The London Olympics were a festival for statisticians. As an example, let’s look at the men’s 100 metres. Usain Bolt won this race with a time of 9.63 seconds (a new Olympic record). But all the entrants had very similar times apart from Asafa Powell, who pulled up with a groin injury and completed the race in 11.99 seconds. Leaving him out of the calculations, the difference between Usain Bolt and the last-but-one runner was only 0.35 seconds. This tiny sliver of time is only 3.6% longer than Bolt’s winning time. So a statistical summary of the race (using nonparametric statistics because of the skewed distribution) would say that the median race time was 9.84 seconds, with an interquartile range of 0.76-0.97 seconds. Or, in everyday language, they all (but one) ran very fast and there was little variation in the times they took.
Of course, this misses the point. The 100 metres final is a race, and what matters in a race is the ranking of the runners - who comes first (and to a less degree second and third). But just as it makes no sense to ignore ranking in races, it is equally pointless to analyse all areas of human activity as if they are races. This does not stop people doing it, and rankings are now common not just for things that are simple to measure (such as the time taken to run a race), but also for institutions and the complex range of activities they perform. This means that such rankings have to be derived from multiples of ‘scores’ based on a range of unreliable data about something that can never be reliably measured.
As an example, let’s take university research and teaching. Recent years have seen a growing collection of international ‘league tables’ of universities. These use a wide range of data, including statistics about numbers of staff and students, numbers of publications in academic journals, income from research grants, and rankings by panels of academics. This data is then scored, weighted and combined to produce a combined score which can be ranked. Individual universities can then congratulate themselves that they have ascended from the 79th best university in the world to the 78th best, while those that have descended a place or two can fret, threaten their academic staff and sack their vice chancellor.

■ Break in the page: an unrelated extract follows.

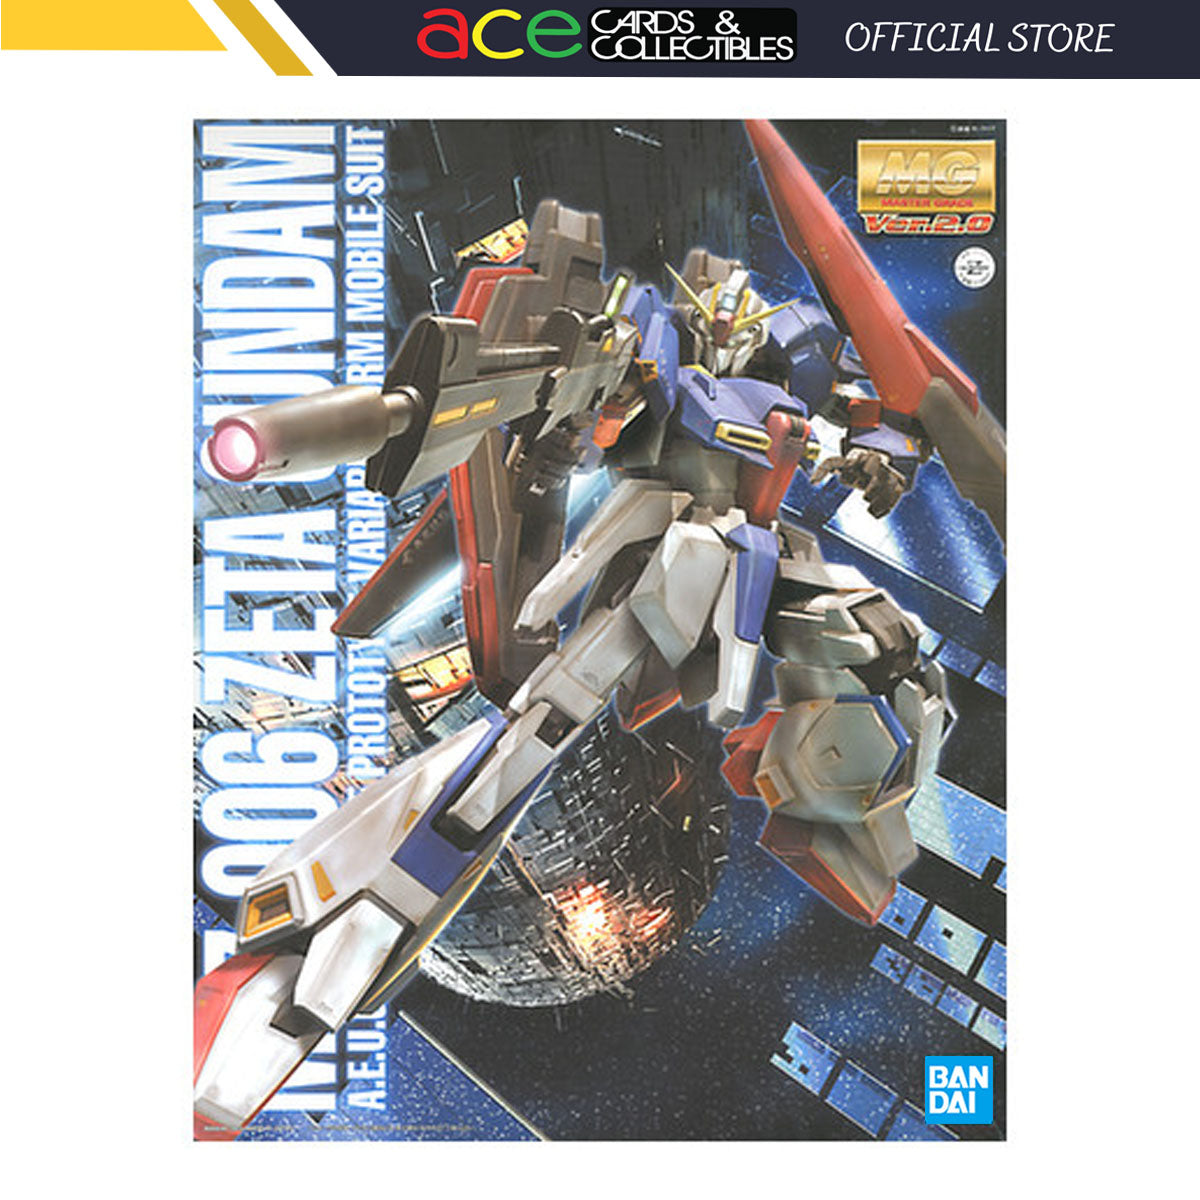 Gunpla 1/100 MG Zeta Gundam Ver. 2.0-Bandai-Ace Cards & Collectibles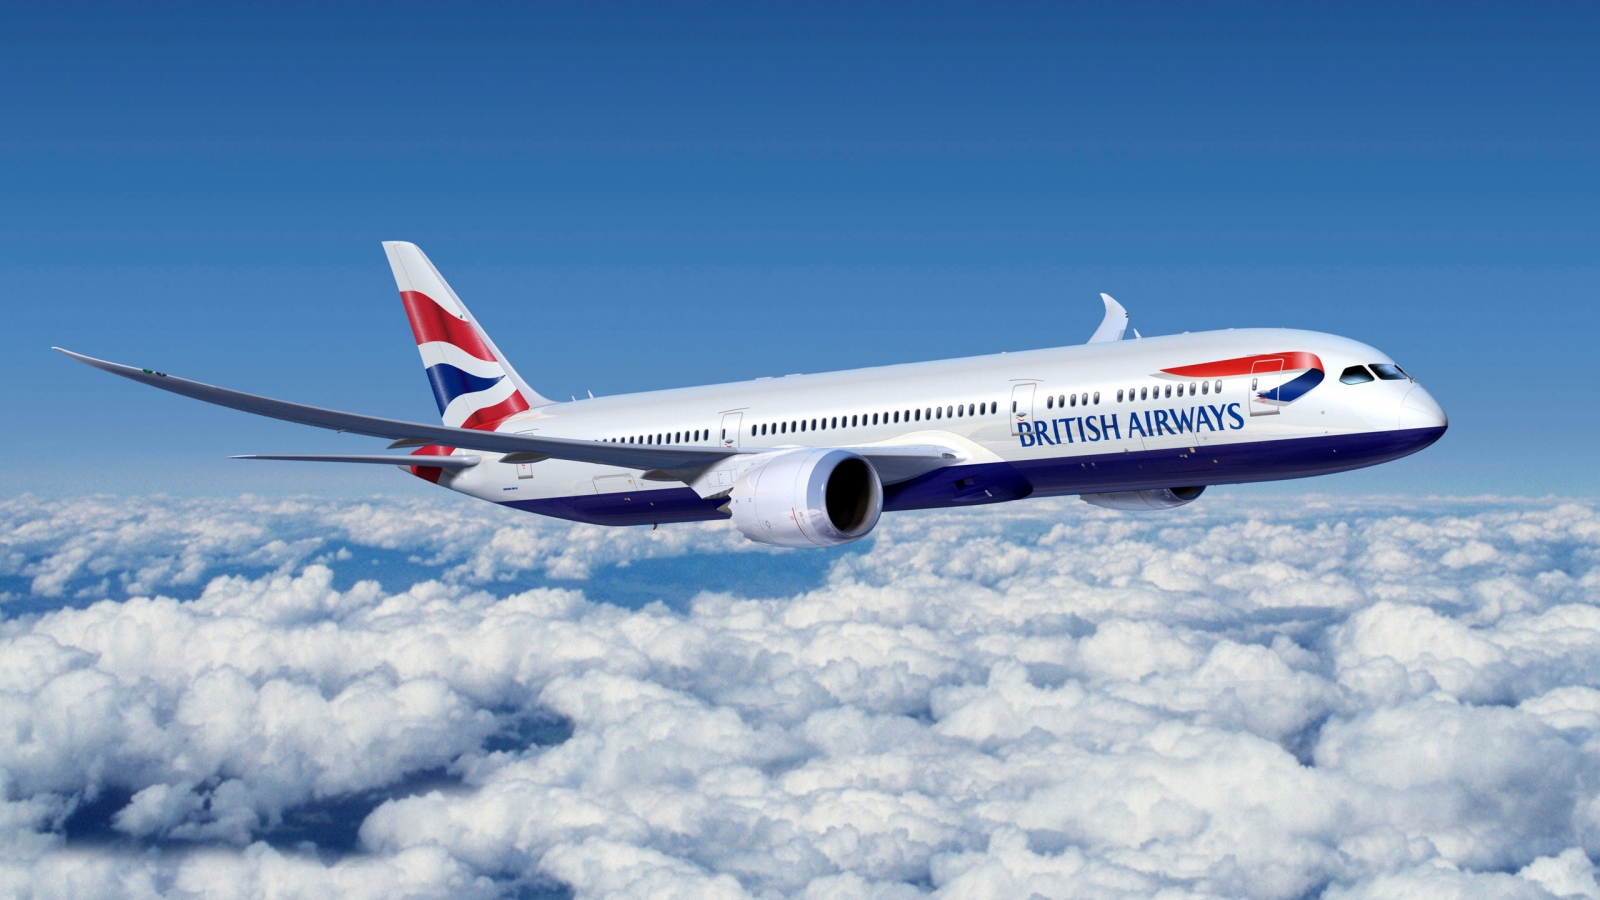 British Airways for 1600 x 900 HDTV resolution

Yet higher education systems differ greatly between countries, and universities themselves are usually a diverse ragbag of big and small research groups, teaching teams, departments, and schools. This makes a single league table a dubious affair, even if it is based on reliable data. But that of course is not the case. The university in which I worked (by most standards a well-managed institution) struggled to find out what its academic staff were doing with their time, or the quality of their achievements. In other universities, the data on which international league tables are based may be little more than a work of mystery and imagination.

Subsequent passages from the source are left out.